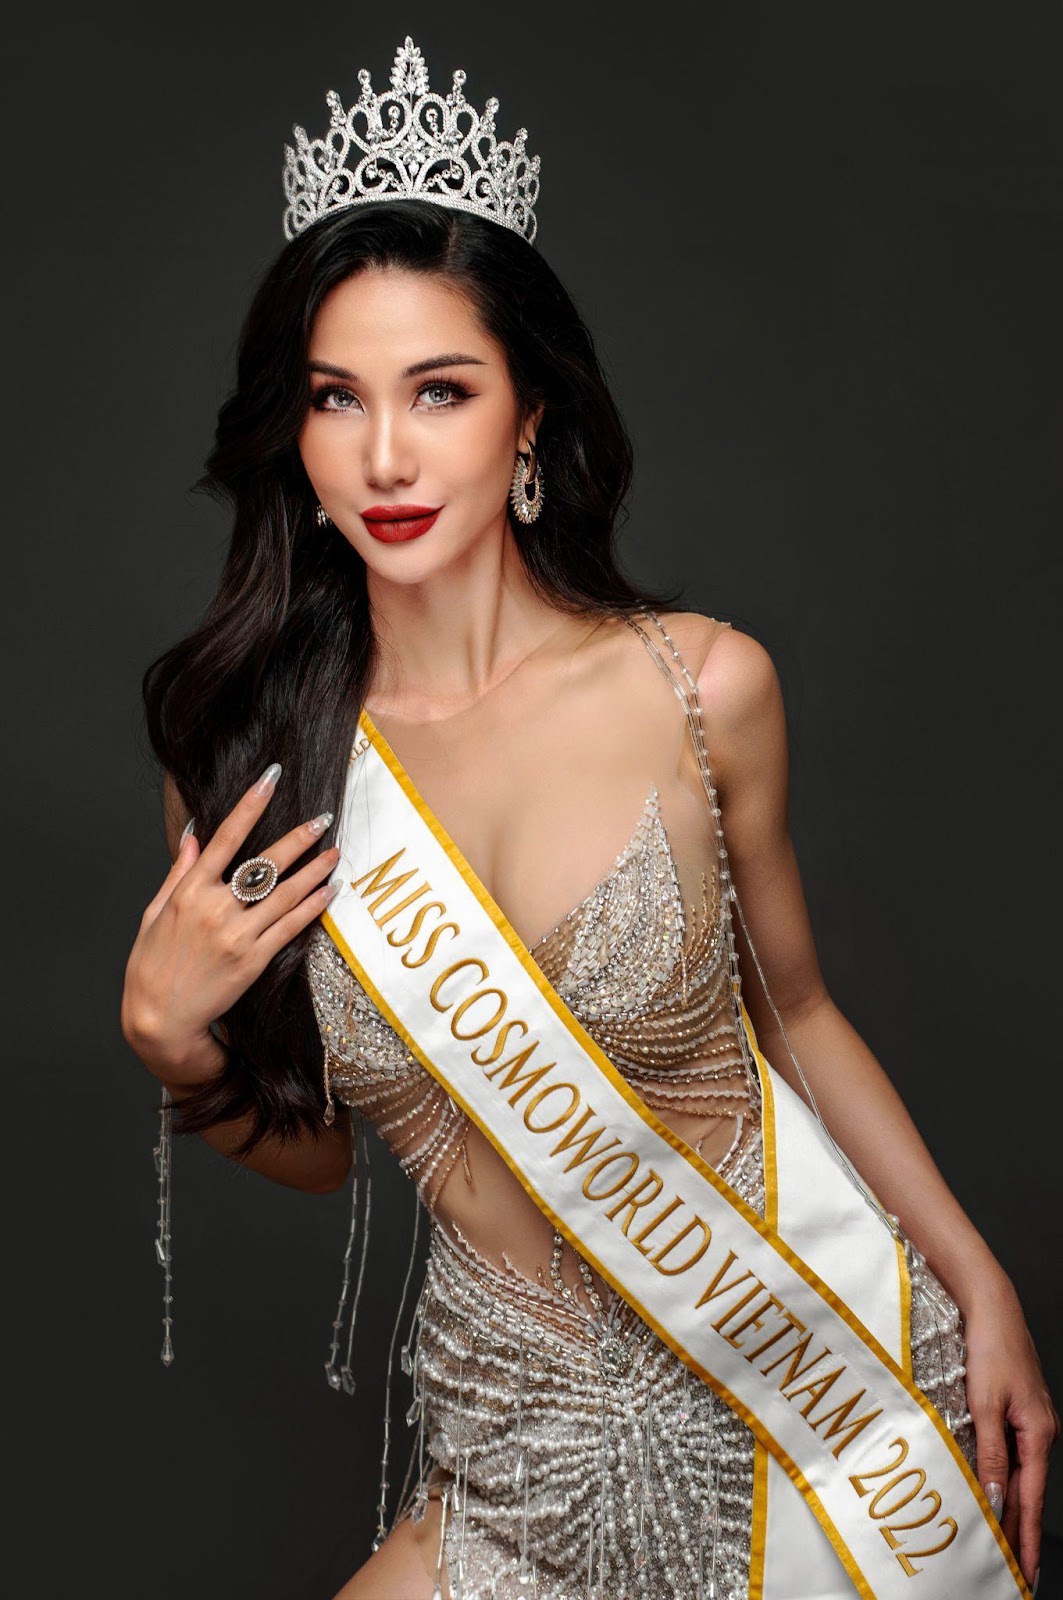 Nữ tiếp viên trưởng trẻ tuổi nhất Việt Nam - Ngọc Tuyết tham dự Miss CosmoWorld 2022
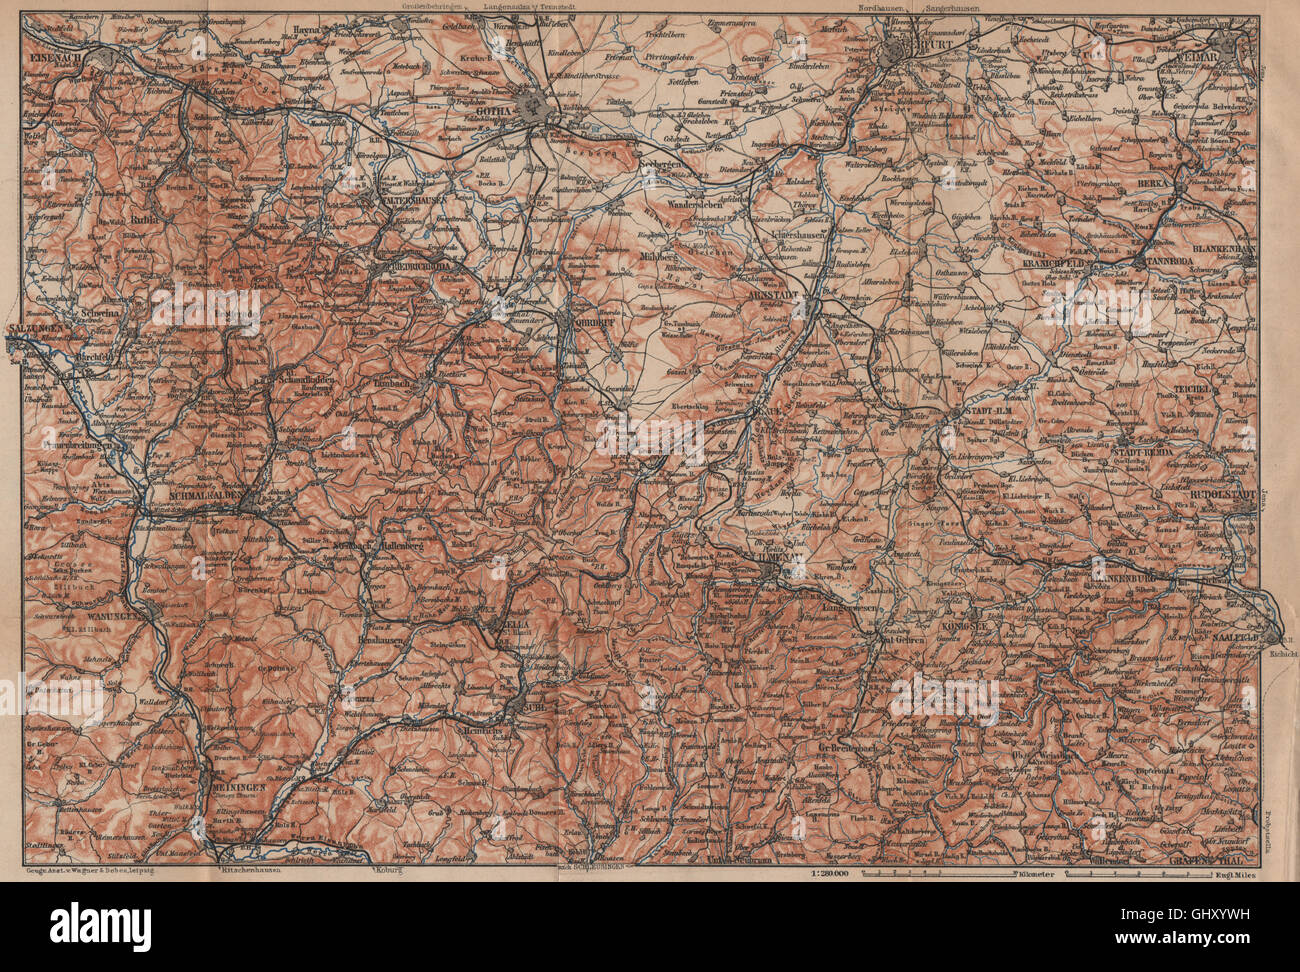 THÜRINGER Wald. Bosque de Turingia. Gotha Eisenach Erfurt Weimar karte, 1900 mapa Foto de stock
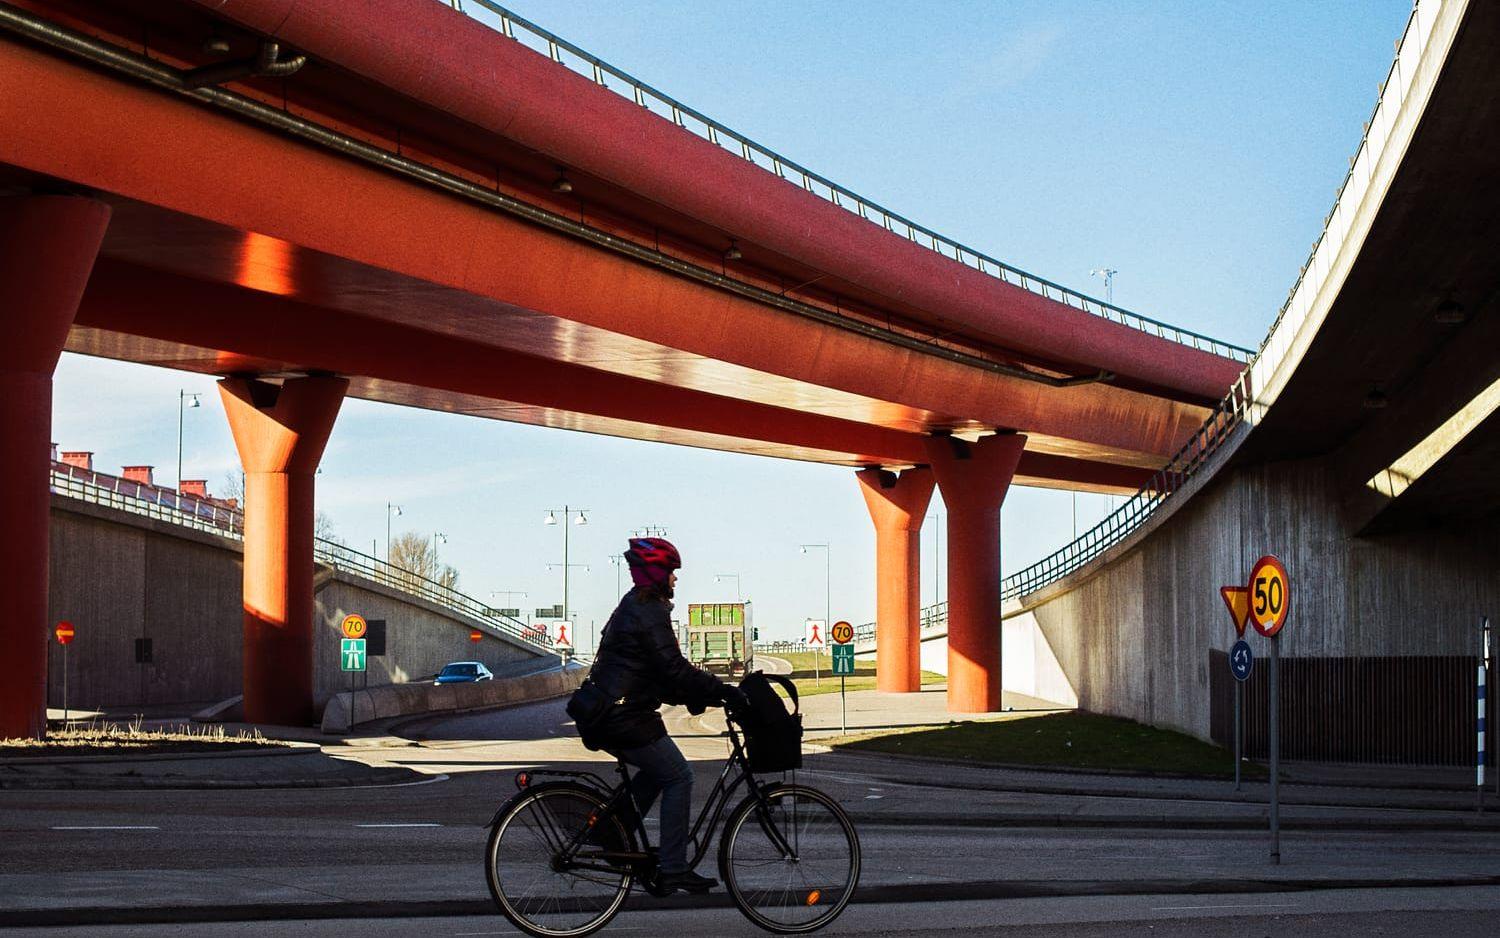 Varför inte redan nu bygga om hela Partihallslänken – Röde orm – till cykelbana? Det skulle göra även cyklisterna i Köpenhamn avundsjuka, skriver Ola Nylander. Foto: Oliver Lindkvist
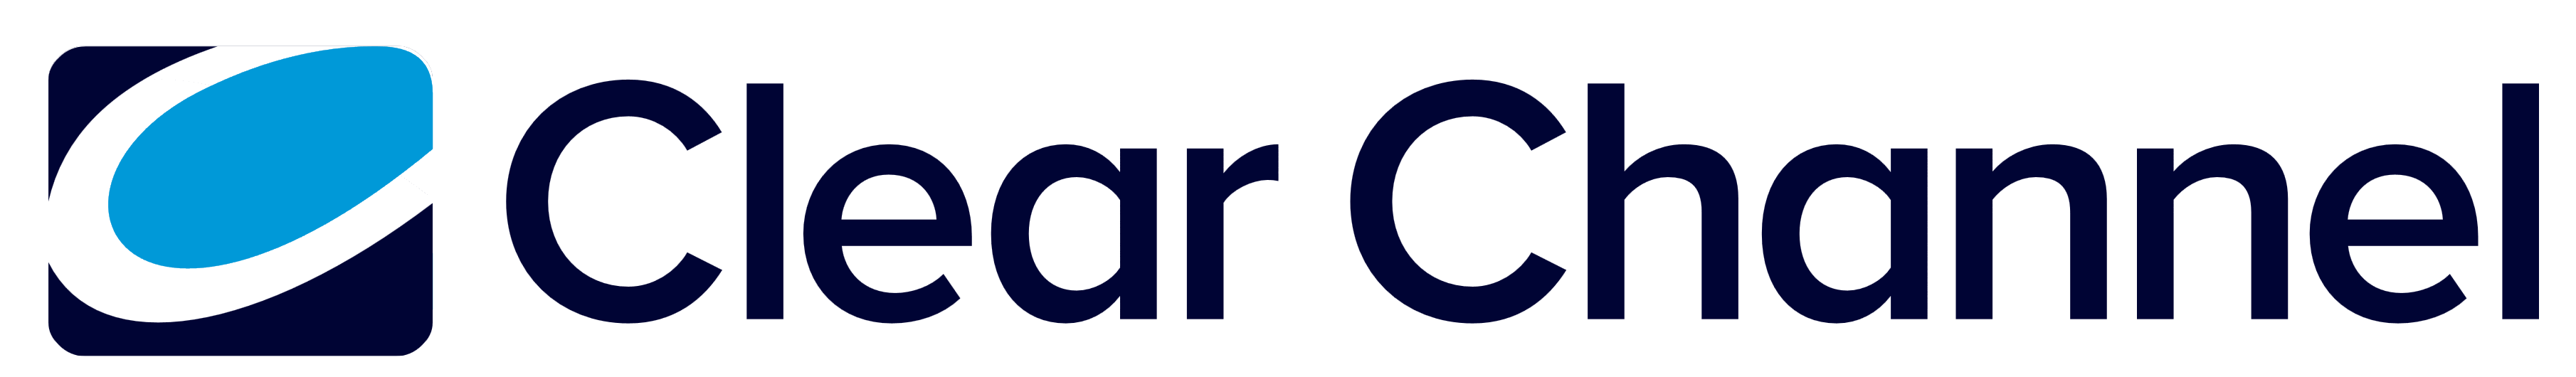 filemail logo
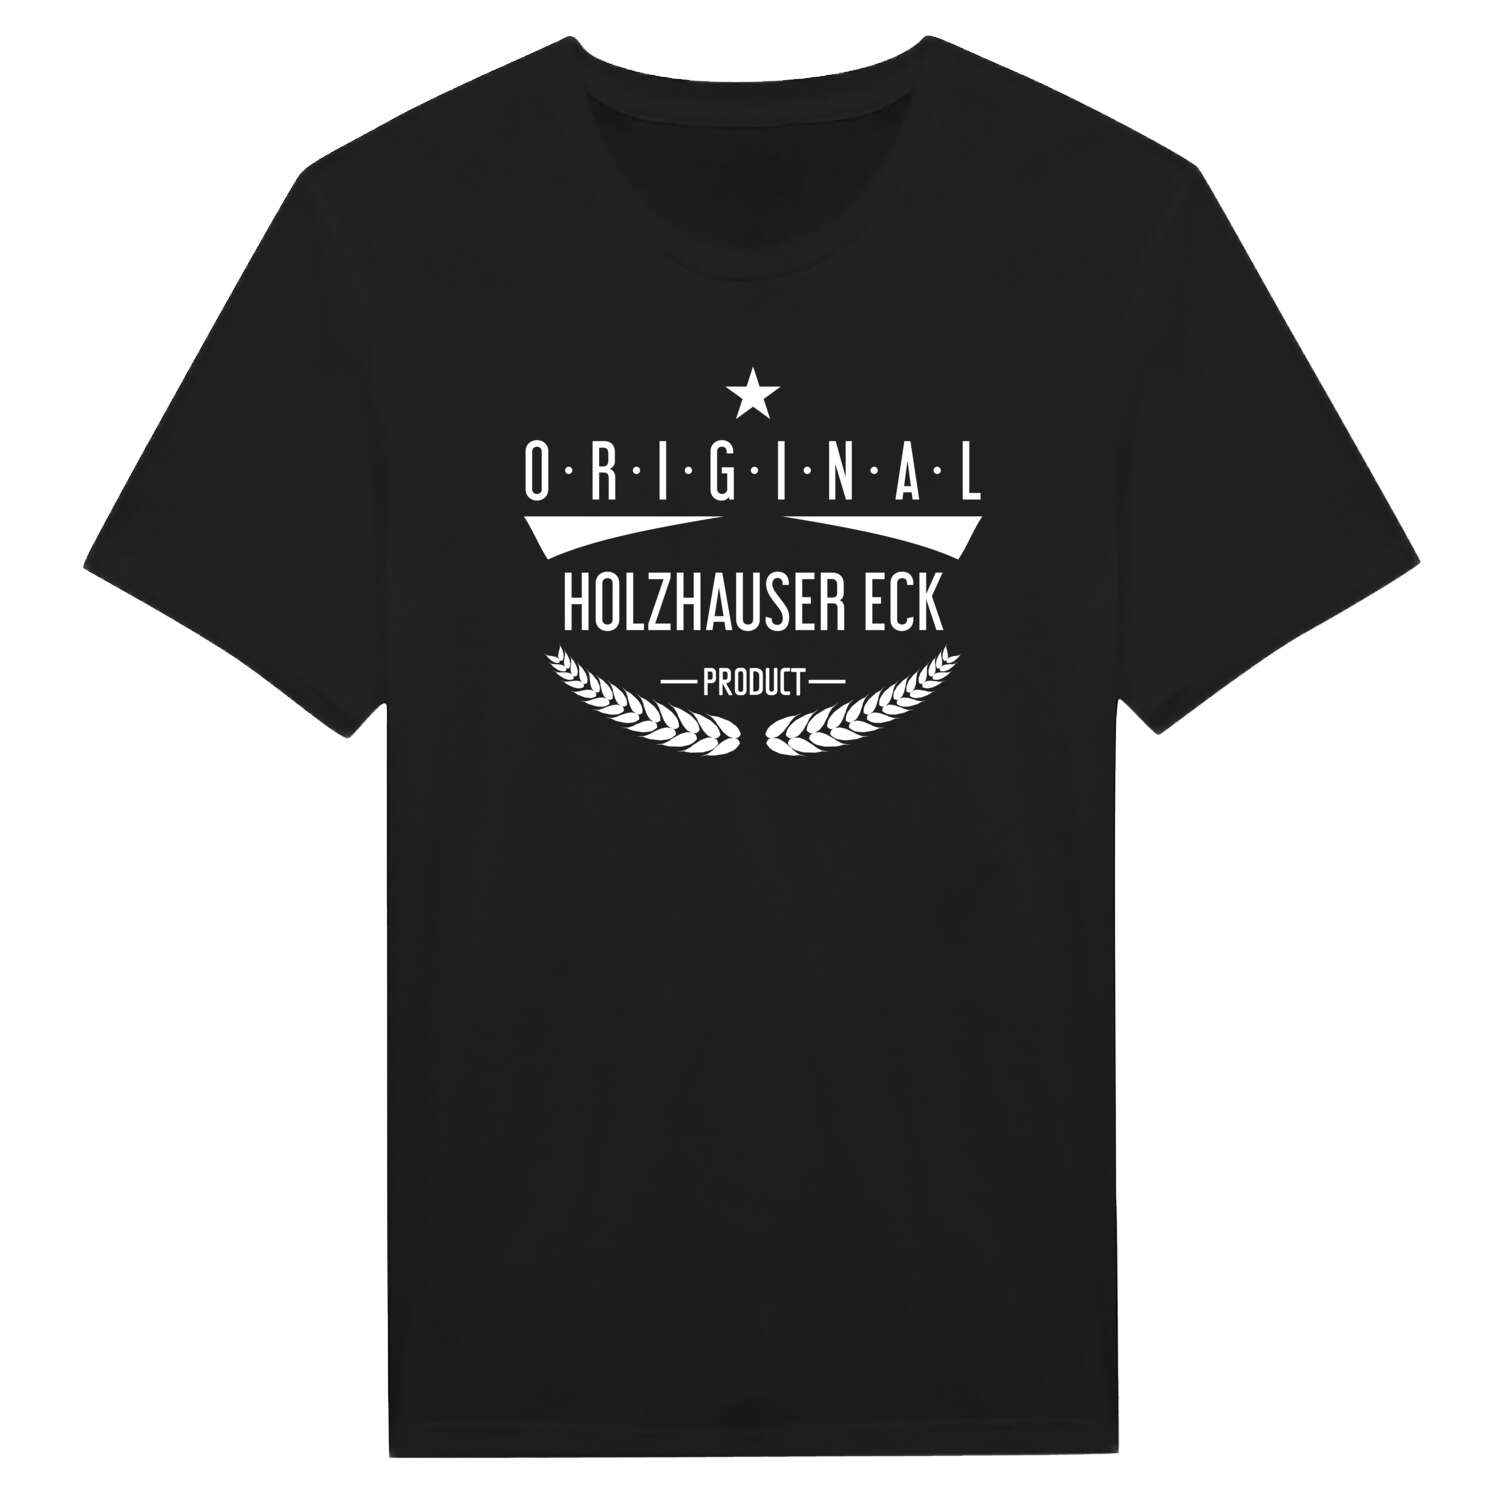 Holzhauser Eck T-Shirt »Original Product«

_The problem:_ Exact copy required, pictures excluded: the lines from the one holding "Varför inte redan" through the last line of the data, both ends included.

_Task output:_
 Varför inte redan nu bygga om hela Partihallslänken – Röde orm – till cykelbana? Det skulle göra även cyklisterna i Köpenhamn avundsjuka, skriver Ola Nylander. Foto: Oliver Lindkvist
 filemail logo
 Holzhauser Eck T-Shirt »Original Product«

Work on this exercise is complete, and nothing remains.